= Summermatter cycle =

Physiological concept

The Summermatter cycle is a physiological concept describing the complex relationship between physical activity/inactivity and energy expenditure/conservation.

The concept provides an evidence-based explanation why dieting fails in most cases and results in a Yo-yo effect. A central element of the Summermatter cycle is that reductions in energy intake, occurring with dieting or starvation, initially successfully induce weight and adipose tissue loss. At the same time, the reduced food availability prompts ambulatory activity, which further accelerates body and fat mass loss and depletes ATP, glycogen and intramyocellular lipids (IMCL) in skeletal muscle. The scarcity of energy ultimately suppresses thermogenesis in skeletal muscle to conserve energy.

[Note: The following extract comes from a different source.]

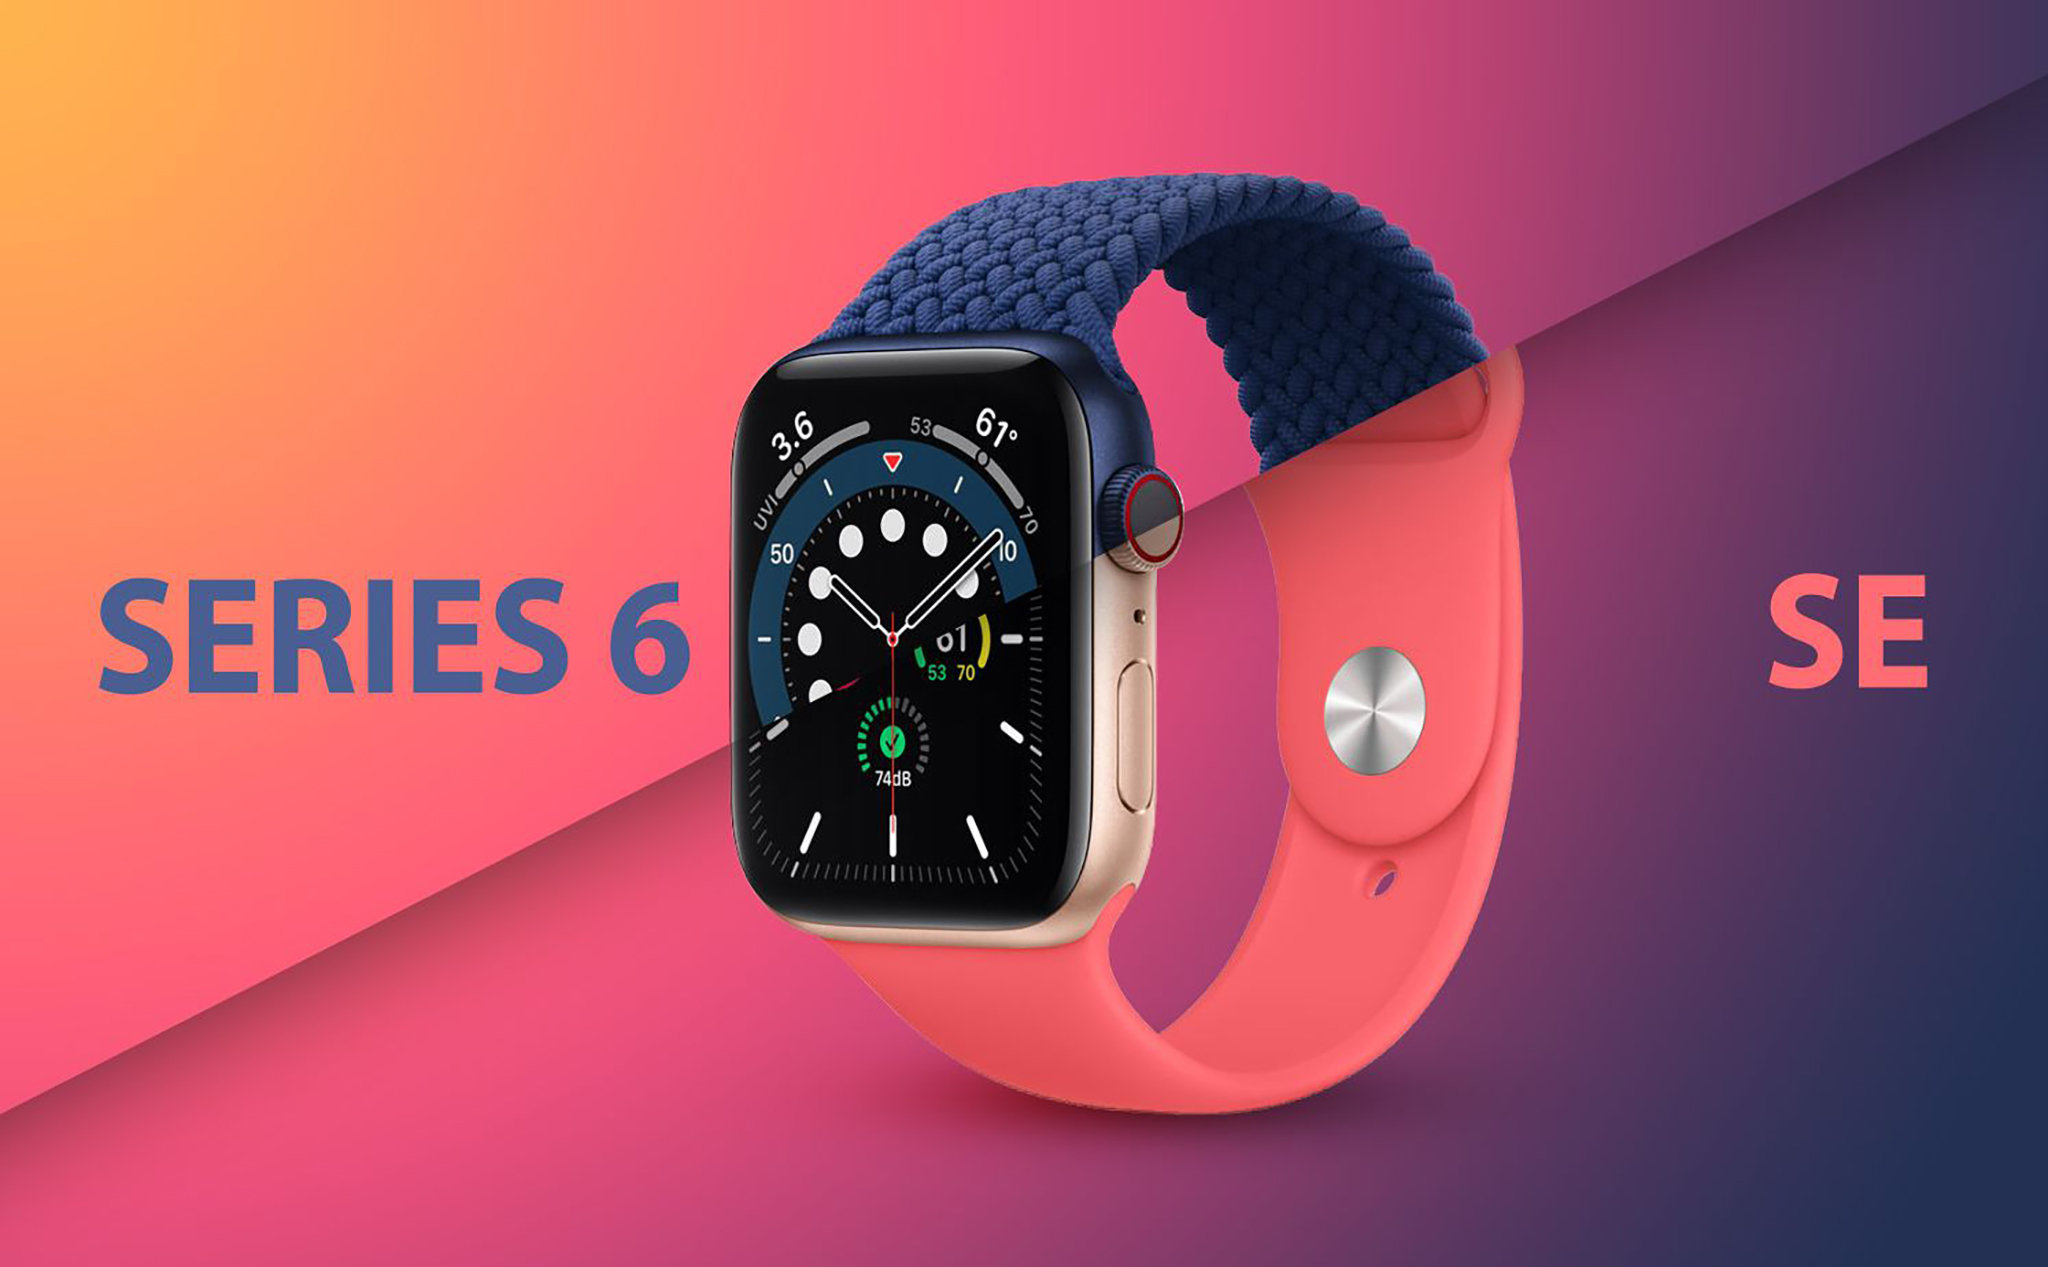 [QC] Bảng giá Trade-in Apple Watch 6, SE tại Di Động Việt, đổi cũ lấy mới tiết kiệm đến 6,4 triệu

As soon as energy becomes available again, this originally adaptive, thrifty program supports the replenishment of energy stores and weight regain. Fat deposition is the most efficient way for the body to store energy. This phenomenon of energy store replenishment is driven by a hyperinsulinemic state and is referred to as preferential catch-up fat. Satiety signals during the period of food availability automatically lead to rest, which further supports adipose tissue regain and the restoration of glycogen and IMCL pools in muscle. As a result, the majority of people rapidly regain body weight. Exercise increases energy expenditure and can counteract the suppression of thermogenesis in skeletal muscle thereby preventing weight regain. In addition, regular exercise promotes the turnover of ATP, glycogen and IMCLs.

The hypothesis was put forward in 2012 and Benton, et al. named the cycle in 2017 after its inventor, the Swiss biochemist, nutritionist and exercise physiologist Dr. Serge Summermatter.

The concept of the Summermatter cycle finds broad application in body weight management to time exercise interventions and avoid catch-up fat (yo-yo effect). The recent advances in the treatment of obesity (e.g., GLP-1 and GIP agonists like Ozempic, Wegovy etc.) has further spurred interest in the Summermatter cycle. Treatments with incretins like semaglutide induce not only fat but also muscle mass loss. The suppressed thermogenesis described by the Summermatter cycle explains the weight and fat regain in patients that discontinue incretins. Moreover, the concept is used by elite athletes to optimally coordinate their training bouts and energy intake.